• TASK ITEM
Only the lines from the one containing "s.Oliver Selection Damen" through the last line of the data below belong in your answer, copied exactly and without pictures.
[SUPPLIED INFORMATION]
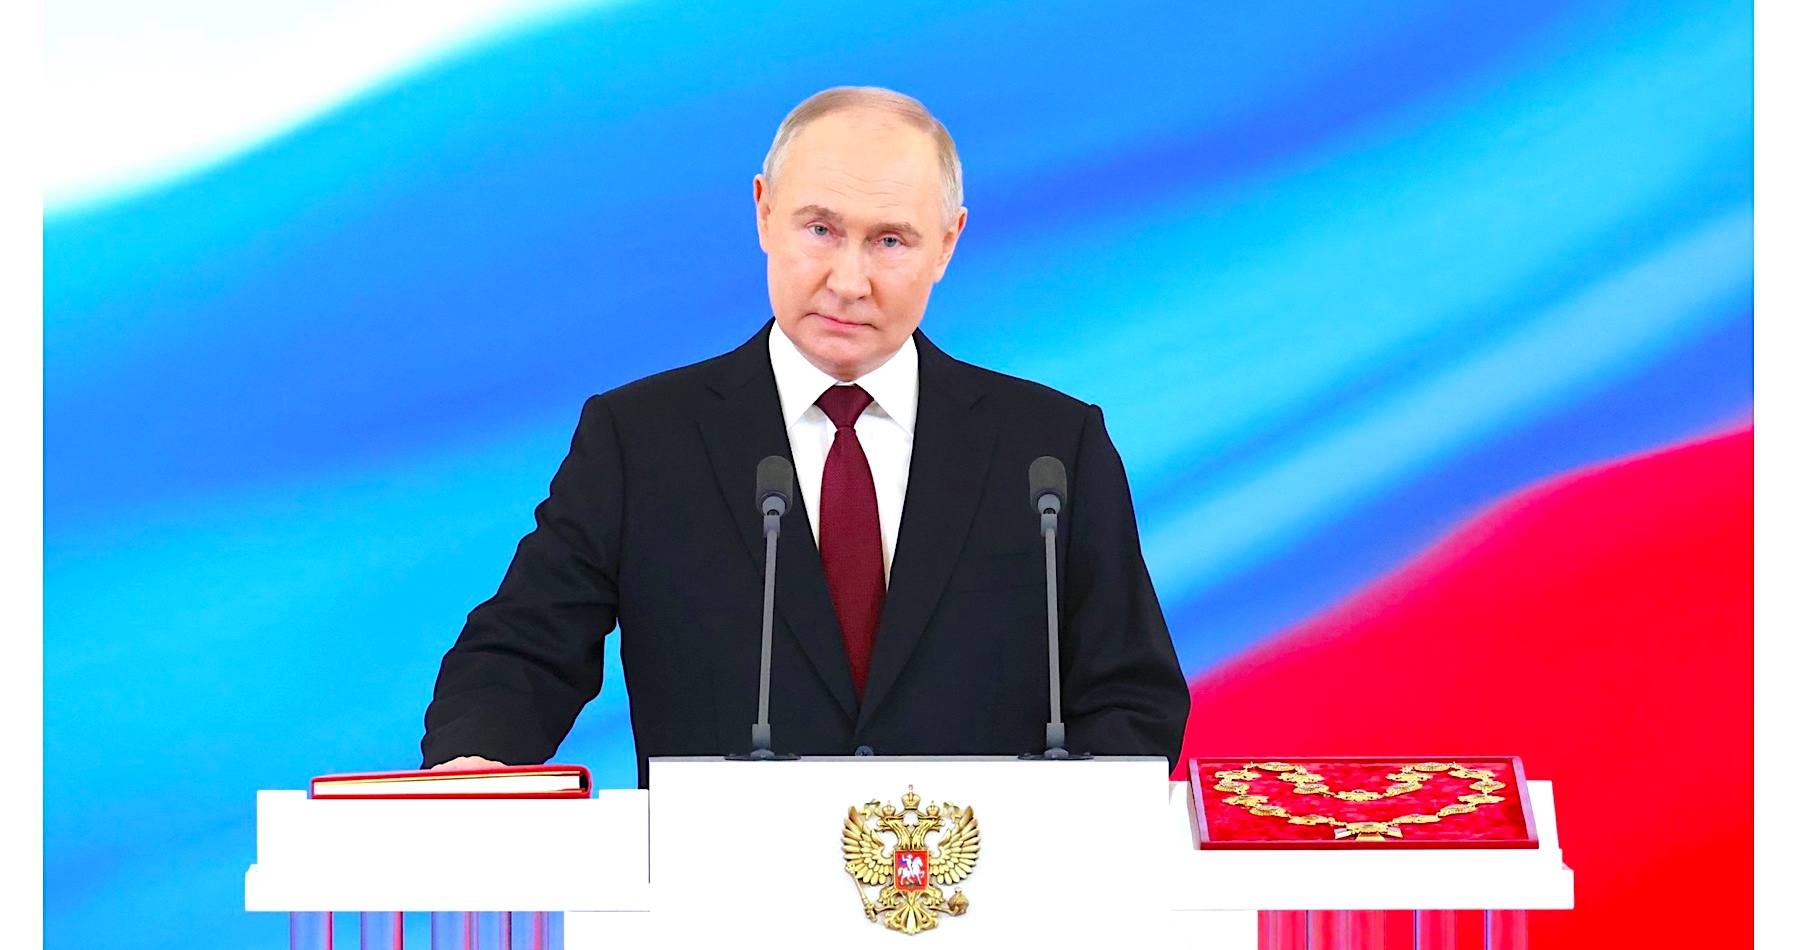 VIDEO: Putin sa ujal svojho piateho funkčného obdobia na čele Ruskej federácie. „Spolu s našimi partnermi v eurázijskej integrácii a ďalšími suverénnymi centrami rozvoja budeme naďalej pracovať na vytváraní multipolárneho svetového poriadku. Spoločne zvíťazíme!,“ povedal šéf Kremľa pri skladaní prezidentského sľubu, v ktorom vyhlásil, že jeho krajina je otvorená dialógu so Západom, ak sa ten namiesto agresie namierenej voči Rusku  bude usilovať o mier a spoluprácu
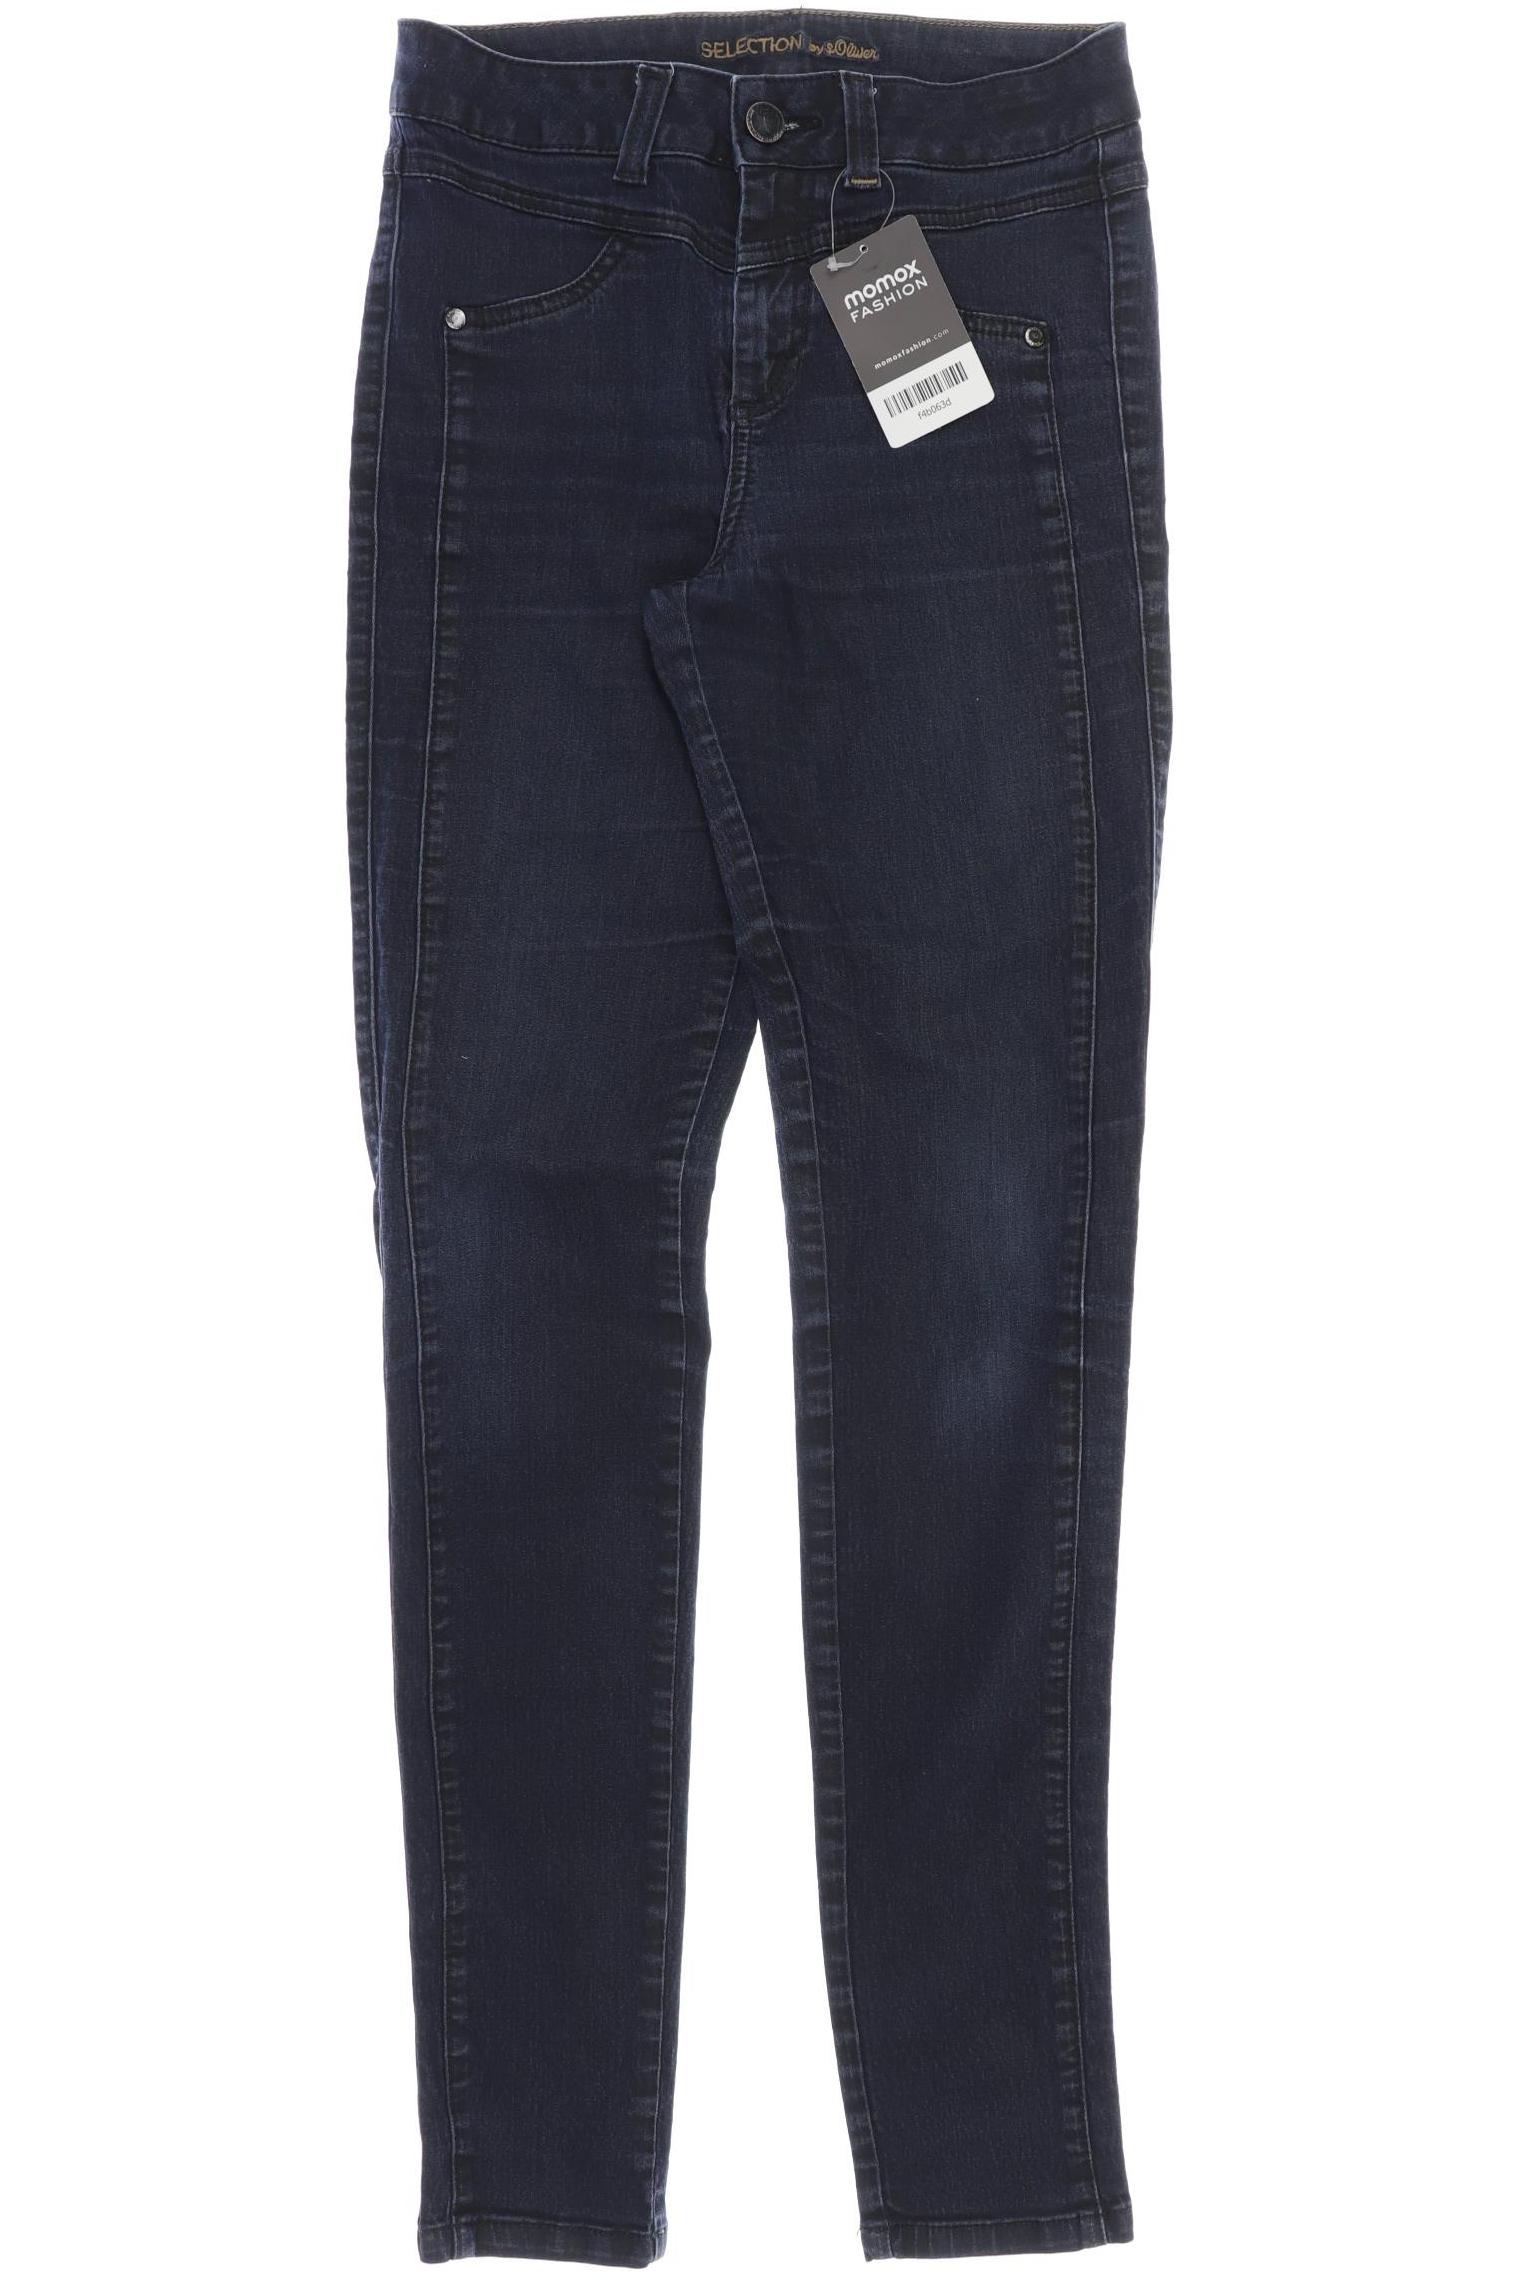 s.Oliver Selection Damen Jeans, blau von s.Oliver Selection
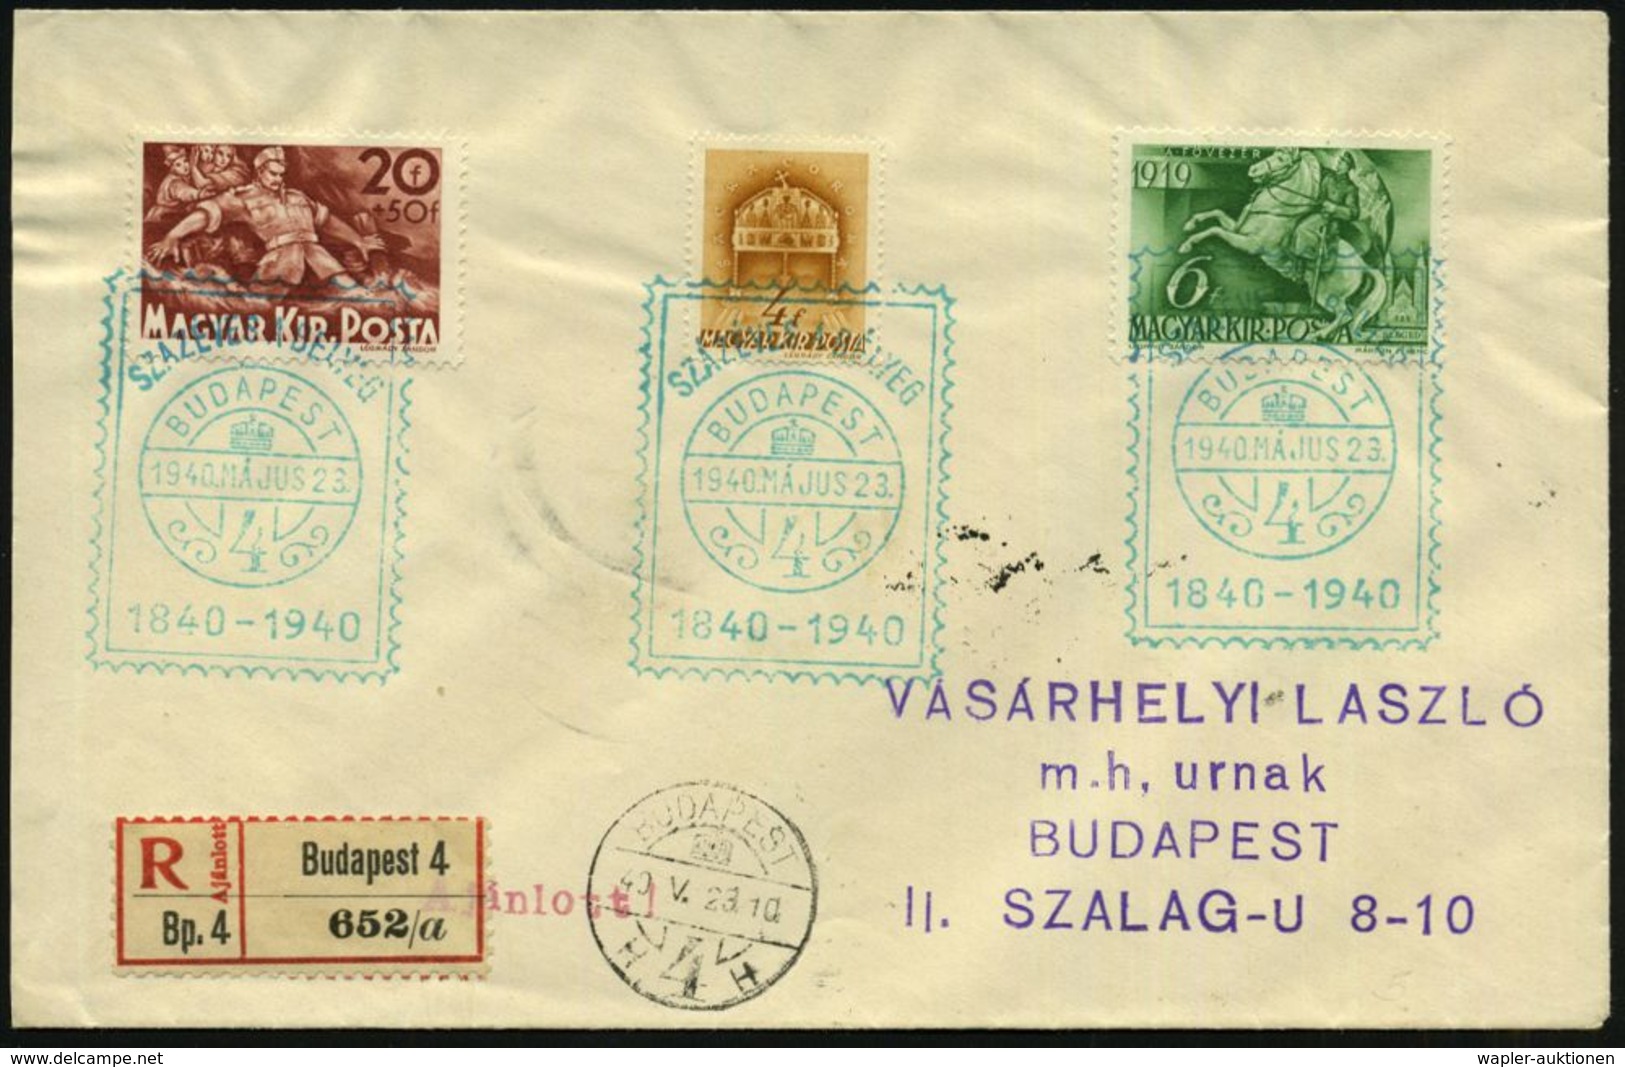 UNGARN 1940 (23.5.) Grüner SSt.: BUDAPEST/4/SZAZEVES A BELYEG/1840 - 1940 = 100 Jahre Britische Briefmarke (Markenimitat - Filatelistische Tentoonstellingen
[/SUPPLIED INFORMATION]
• ANSWER SECTION
 s.Oliver Selection Damen Jeans, blau von s.Oliver Selection
 UNGARN 1940 (23.5.) Grüner SSt.: BUDAPEST/4/SZAZEVES A BELYEG/1840 - 1940 = 100 Jahre Britische Briefmarke (Markenimitat - Filatelistische Tentoonstellingen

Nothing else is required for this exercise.